Oh can I join this thread??? Pretty please??? Even if I'm very late coming aboard???
I've been super hairy for many years, but for the first couple of years I was a bit self-conscious about it in public -- I never wore tank tops, and always wore ankle-length skirts or pants. I still remember the very moment I decided to be really comfortable with it: I was at a festival and I got to know a woman who was there with her family, she was probably a few years older than me. And she was the most beautiful woman I think I've ever seen, hairy everything and all. I was so envious of how graceful and comfortable she seemed to be in her own skin, just completely at home in her body, and so unbelievably beautiful. And I thought, "what am I hiding my hair for? I could be comfortable in my skin like that too!" That same summer, I threw away all my cap-sleeved too-hot summer shirts and my too-long skirts, and I've been free and hairy ever since.

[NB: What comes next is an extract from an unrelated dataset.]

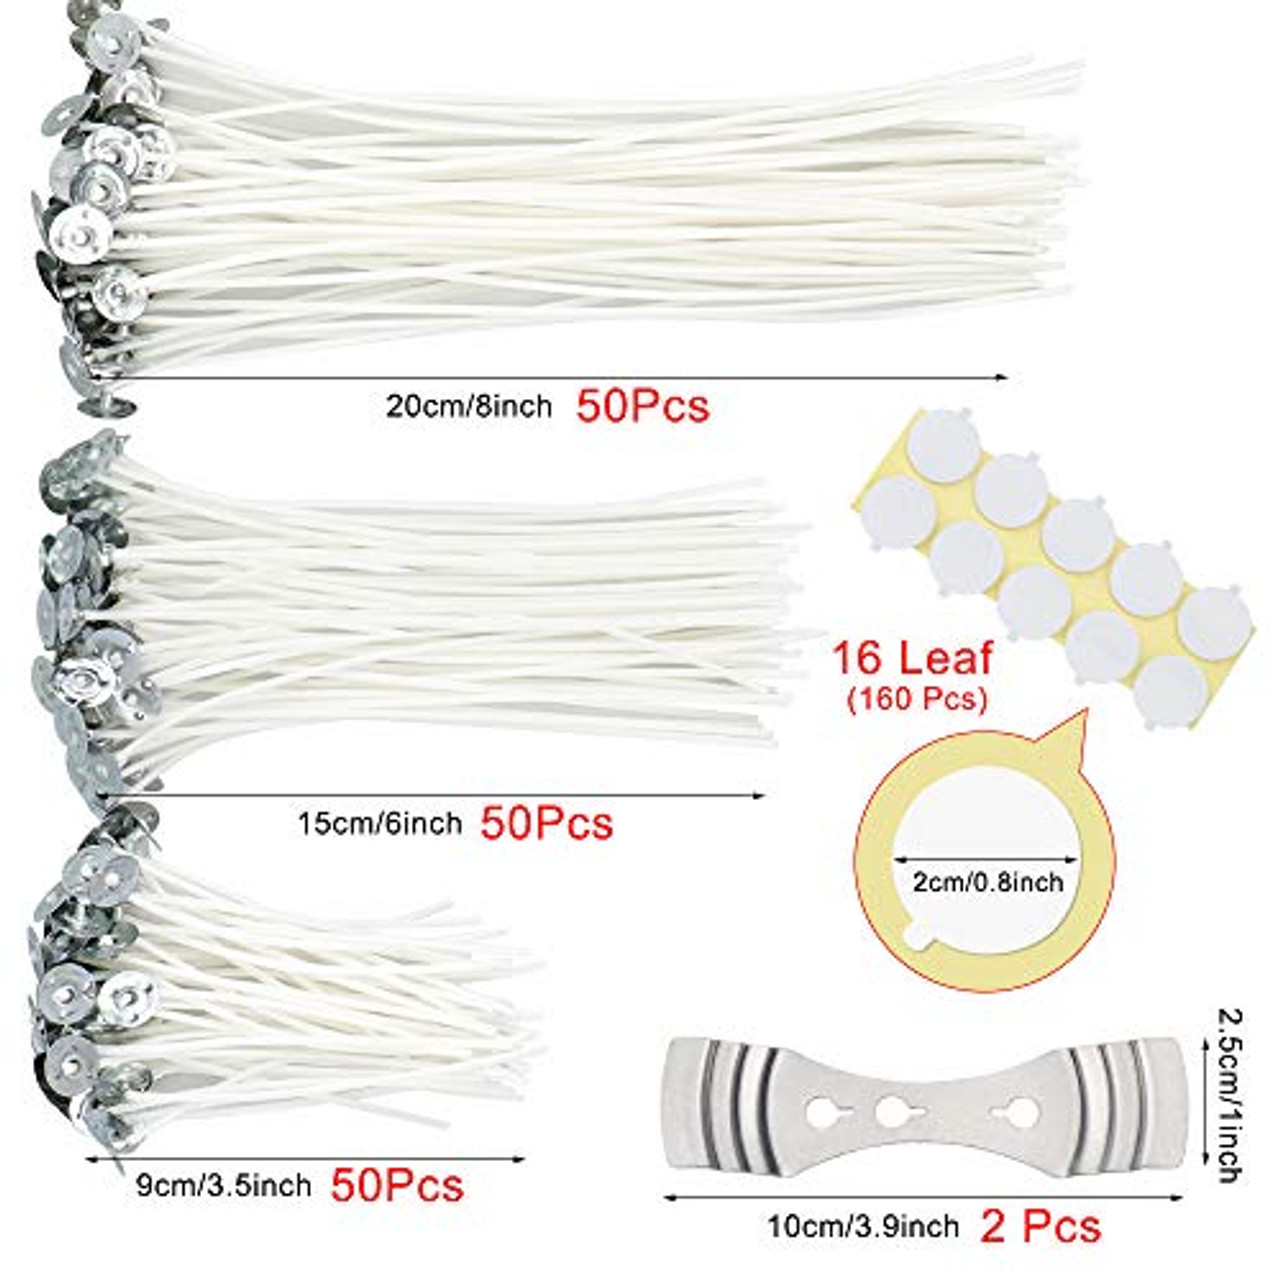 100pcs Eco 16 Wicks for Soy Candles, 6 inch Eco Pretabbed Candle Wicks for Candle Making,CD 22 Thick Candle Wick with Base

My DH actually doesn't like my leg hair very much, but he had the good sense to wait until we were married to tell me.
I shave my legs occasionally to "treat" him. But mostly I'm still hairy. I haven't shaved my armpits since our wedding. I wasn't even going to do that, but my mother insisted, and frankly, I was fighting enough battles with my mother about my wedding that I found it didn't matter all that much. It grew back, so I can stop hiding my awful stubble and show off my pretty pit hair again.
As far as shaving for a wedding... I did shave for my brother's wedding, it was the first time in years, and I did it b/c my SIL-to-be was horrified by my body hair. I was a bit irritated that it was that big of a deal for them, but I gave in. I figured I loved them enough to do lots of things that were more distasteful than shaving for a day, KWIM?